For me, the news of the Wisp's closing was sad, of course, but hardly unexpected. Anyone could have predicted the club's demise as soon as the most recent move and the plans to add food were announced. The interior space was totally inappropriate for an intimate jazz club, parking was problematic, the sound was bad and the owners inexperienced in the highly competitive business of running a restaurant. A lackluster booking policy left too few reasons to patronize the club outside of the big band's weekly gig. The first time I visited the new location, hungry to hear jazz after months of deprivation in Texas, I left so depressed I knew it was the last time I'd be there.

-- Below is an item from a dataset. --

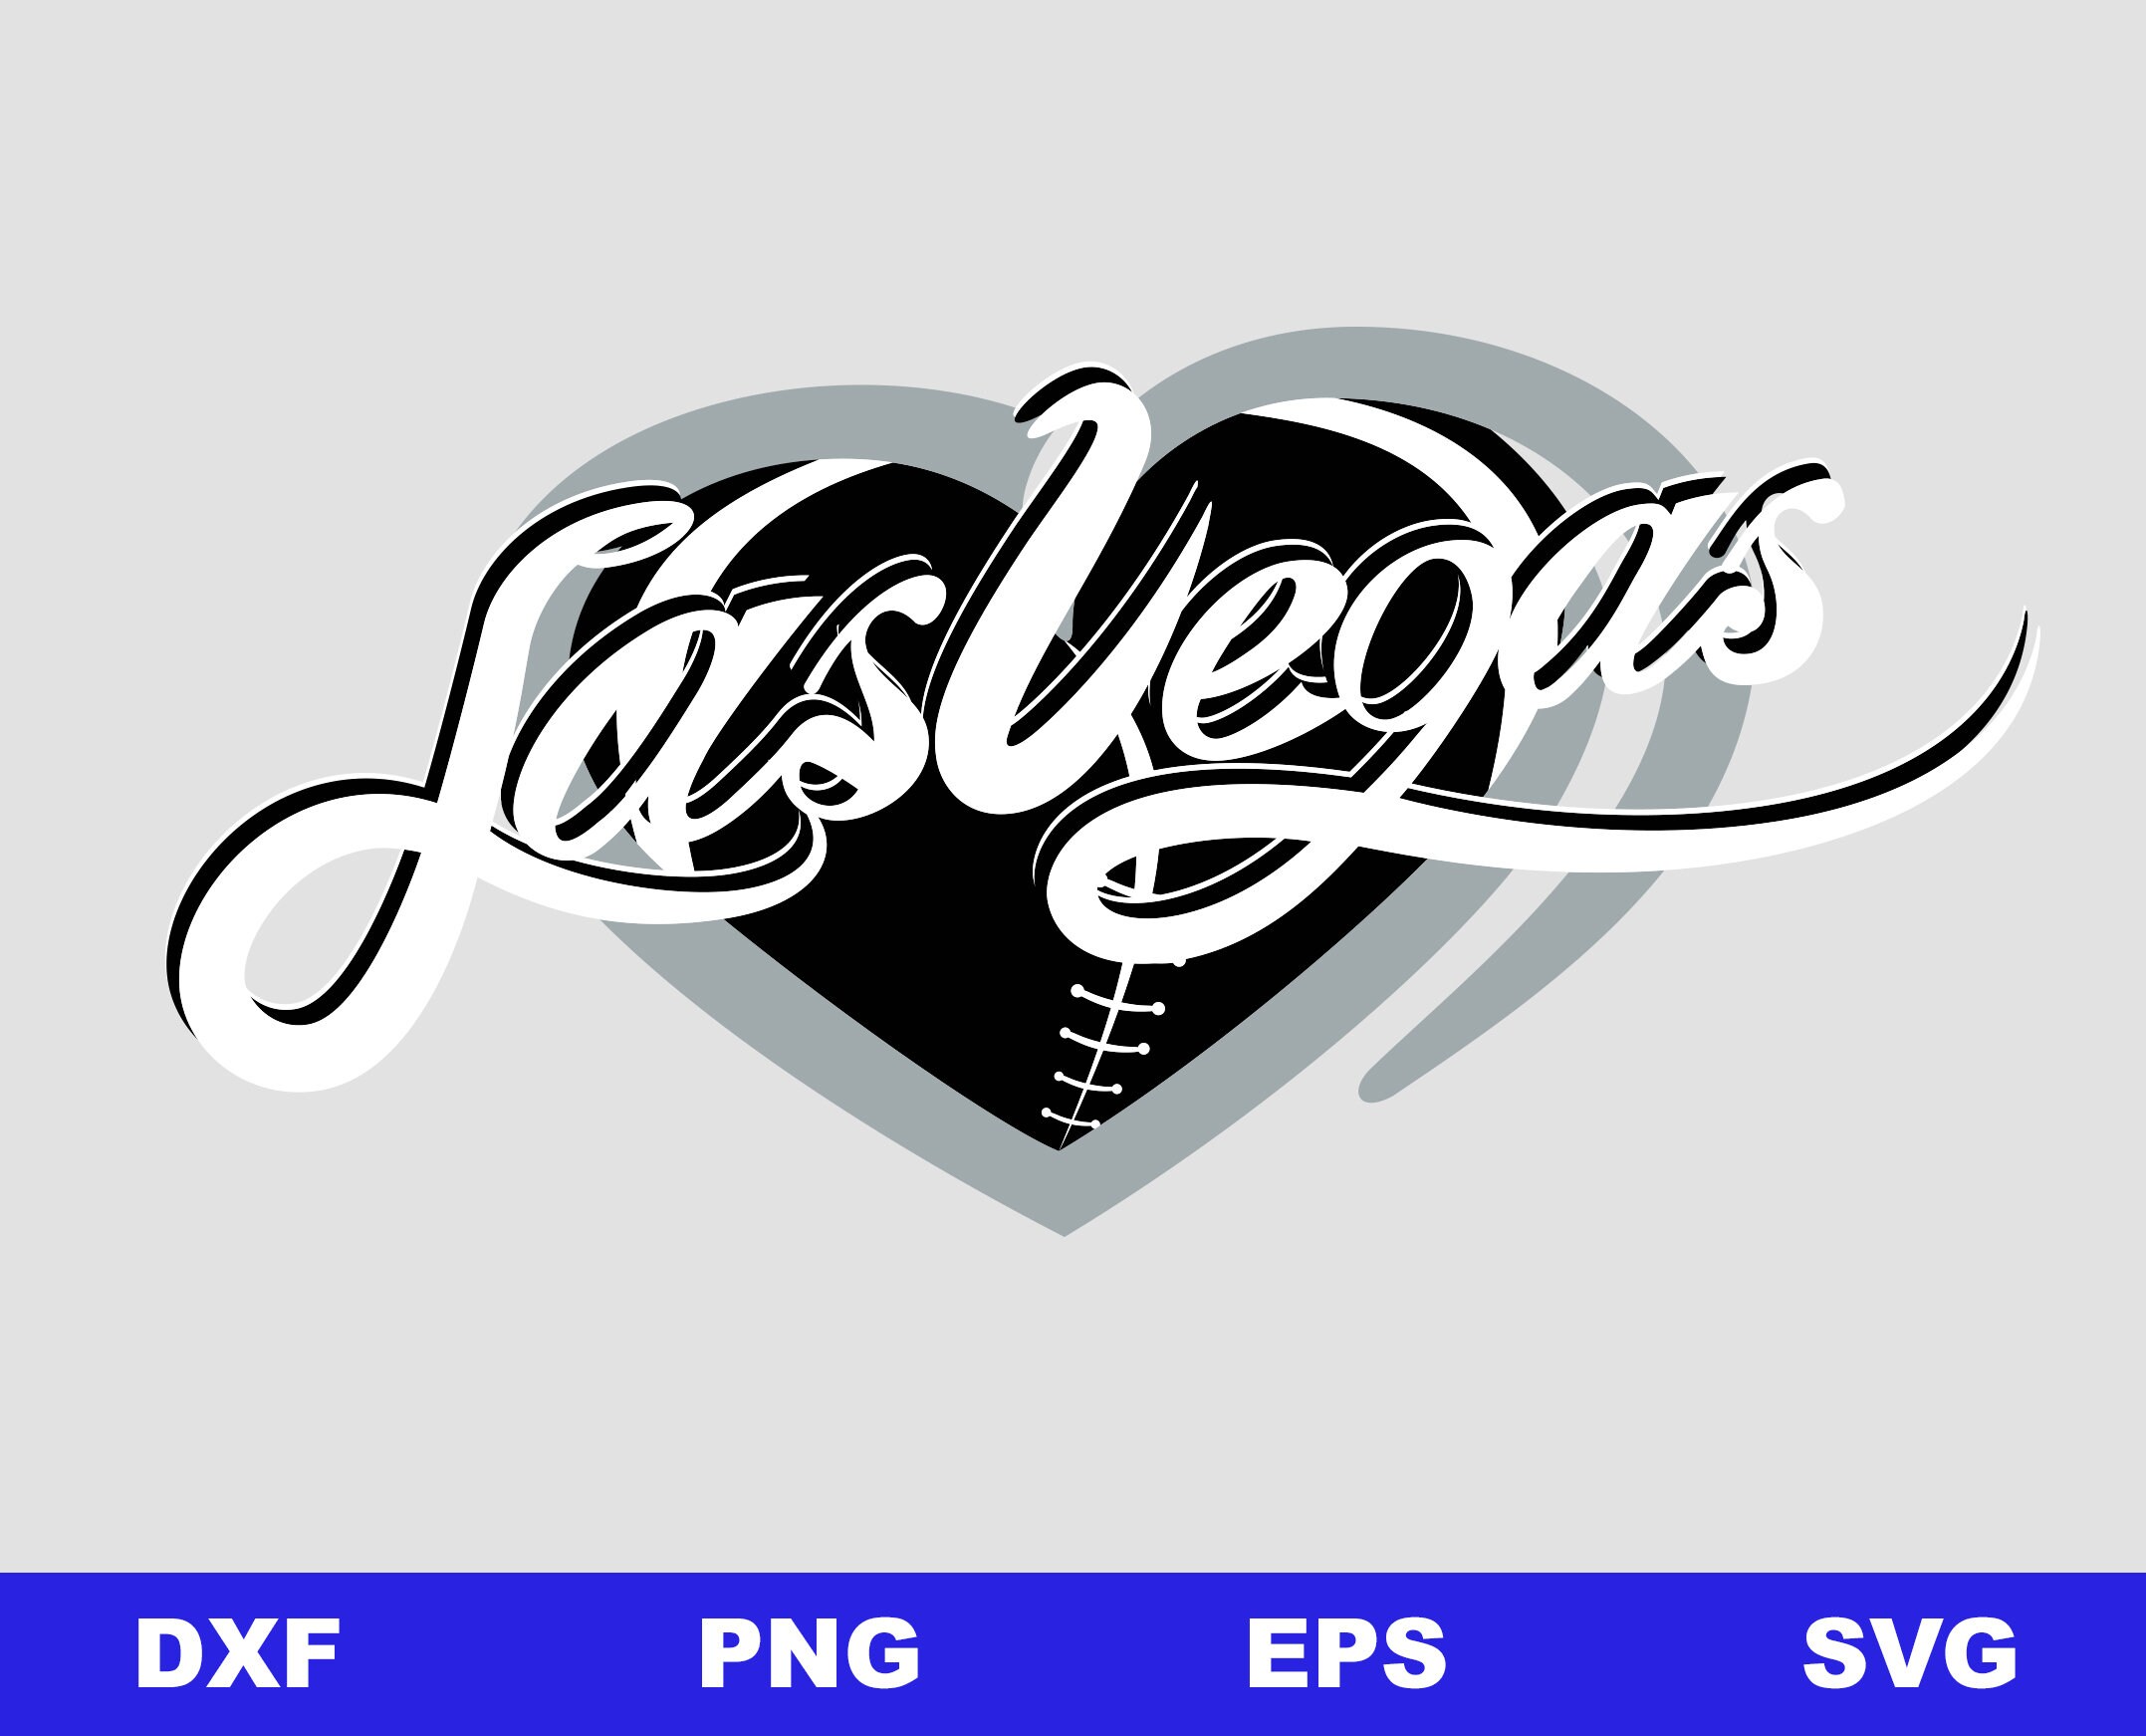 Las Vegas Outlaws Vector Logo - Download Free SVG Icon

I have uncountable memories from the Wisp's first two locations, and a few from the third spot, but the truth is that the Wisp has been a sad shadow of its former self for some time now. The Blue Wisp was a vital part of my life for many years and one of the main reasons Cincinnati's jazz scene remained as rich as it did for as long as it did. But I found it painful to see the sad shell of the Wisp on figurative artificial life support, kept nominally breathing past its natural lifespan. It seems to me that many of the people who will howl the loudest at the idea that Cincinnati is losing its “iconic” jazz club rarely ever showed up there in recent years to hear actual jazz. It's way past time to let our beloved Blue Wisp die a peaceful death.
So
let's raise a glass to what the Blue Wisp once meant to the city, to jazz
musicians and to jazz lovers -- and then let's move on by vowing to support the
musicians who still struggle to keep jazz alive, against discouraging odds and
for little reward, wherever they may be playing around town. At the moment,Washington
Platform, with its established weekend series of top local players and its
ideal location as a bridge between downtown and Over-the-Rhine, seems the most
likely successor. The Blue Wisp Big Band – like jazz itself -- is the musicians
who play in it, not the club they play in, and I hope they, and the music, will
be able to find another home. Go hear them when they do.